Na co dzień nie używam takich plastrów, ale uważam że jest to produkt potrzebny, tylko wtedy, gdy coś niespotykanego się znienacka wydarzy, czyli szybko pojawiający się stres i coś wyskoczy nieplanowanego na twarzy. Takie plastry na pewno szybko pomogą, a na pewno przyniosą ulgę. Dobrze, że teraz, będę miała je w pogotowiu.
2 saszetki marki Urgo Dermoestetic C Vitalize rewitalizująco-rozświetlający krem do skóry wokół oczu.
Miałam je niedawno na wyjeździe, bo były w poprzednich już edycjach i były w porządku jako krem pielęgnacyjny do twarzy.

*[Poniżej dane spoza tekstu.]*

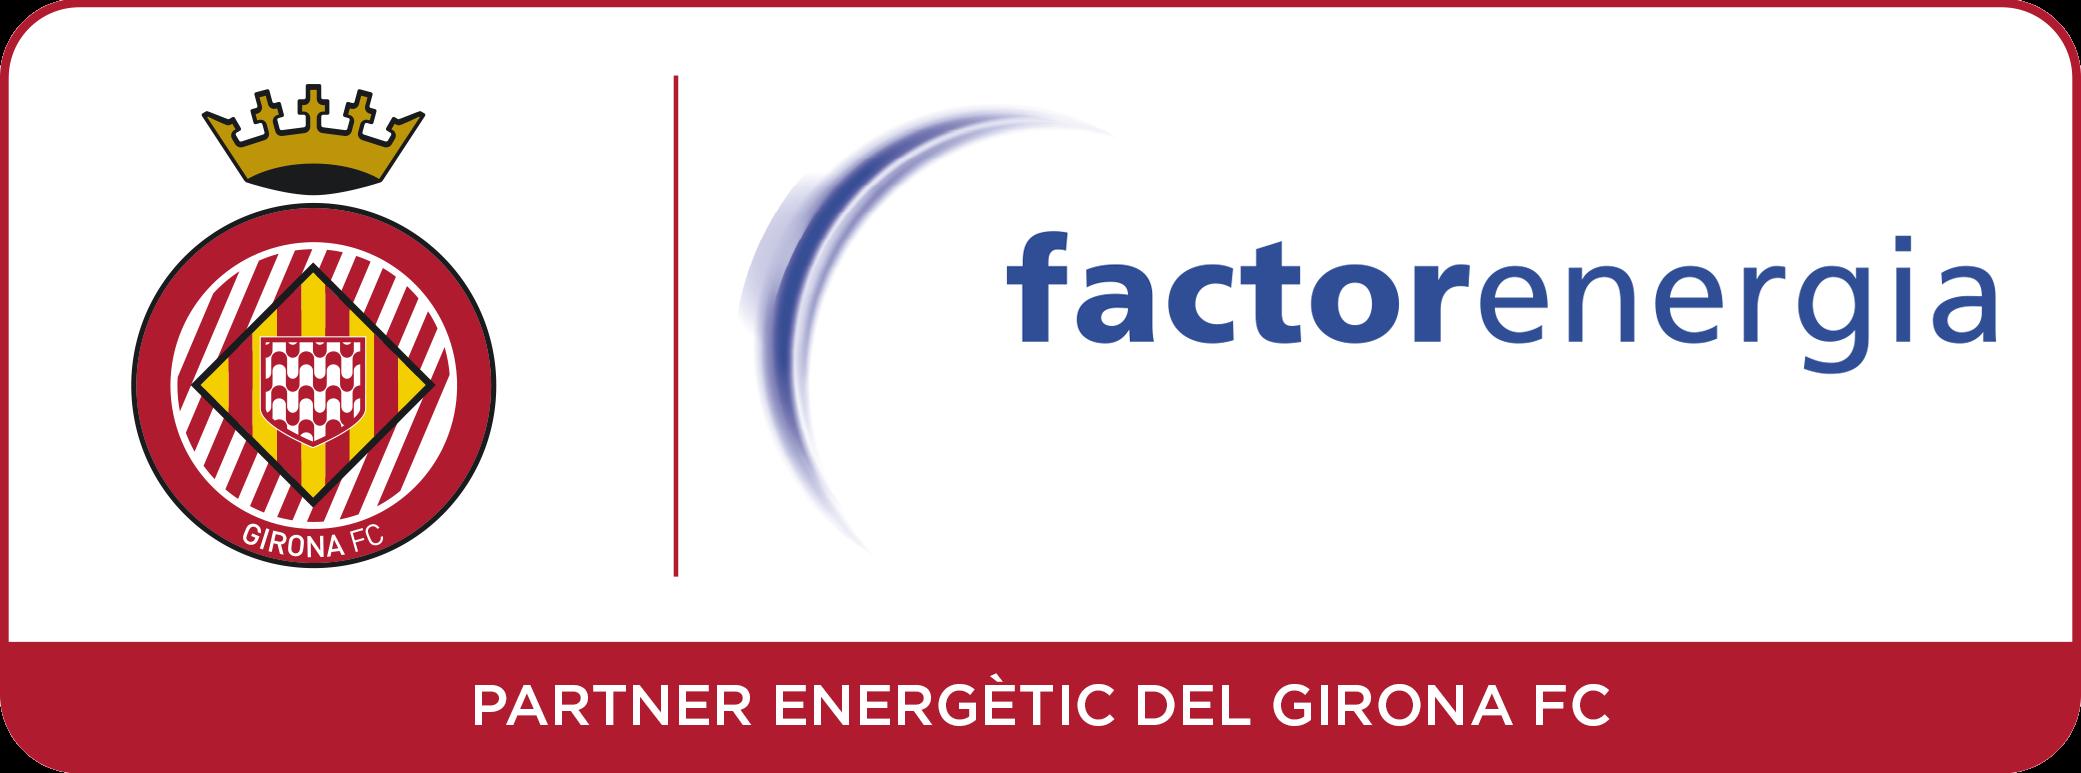 Factorenergia, partner energètic oficial del Girona FC

Lubię saszetki, próbki i je zużywam.
Pielęgnacja włosów:
cena: 29,99zł/250ml
Uniwersalny żel pod prysznic i szampon 2w1 dla mężczyzn i kobiet do każdego typu skóry i włosów. Posiada delikatny i naturalny zapach. Dokładnie oczyszcza nie podrażniając nawet najbardziej wrażliwej skóry.
Do produktów 2w1 mam różne nastawienie. Z jednej strony są to przydatne i praktyczne kosmetyki, jeśli wybieramy się na wyjazd, bo możemy umyć się praktycznie jednym produktem na każdą część ciała, ale z drugiej strony będąc już w domu wolę użyć kilka kosmetyków, a nie myć się jednym. Do włosów wybieram zdecydowanie szampon niż taki żel do ciała i włosów (może mężczyznom to nie przeszkadza, ale ja już zwracam na to uwagę i szampon bezpośrednio do włosów jest mi potrzebny). Fajnie, że w ofercie Aloesove są takie produkty 2w1 bo można je spakować w podróż. Lubię też aloesowe kosmetyki, więc tutaj produkt się nie zmarnuje, kiedy pojadę w podróż.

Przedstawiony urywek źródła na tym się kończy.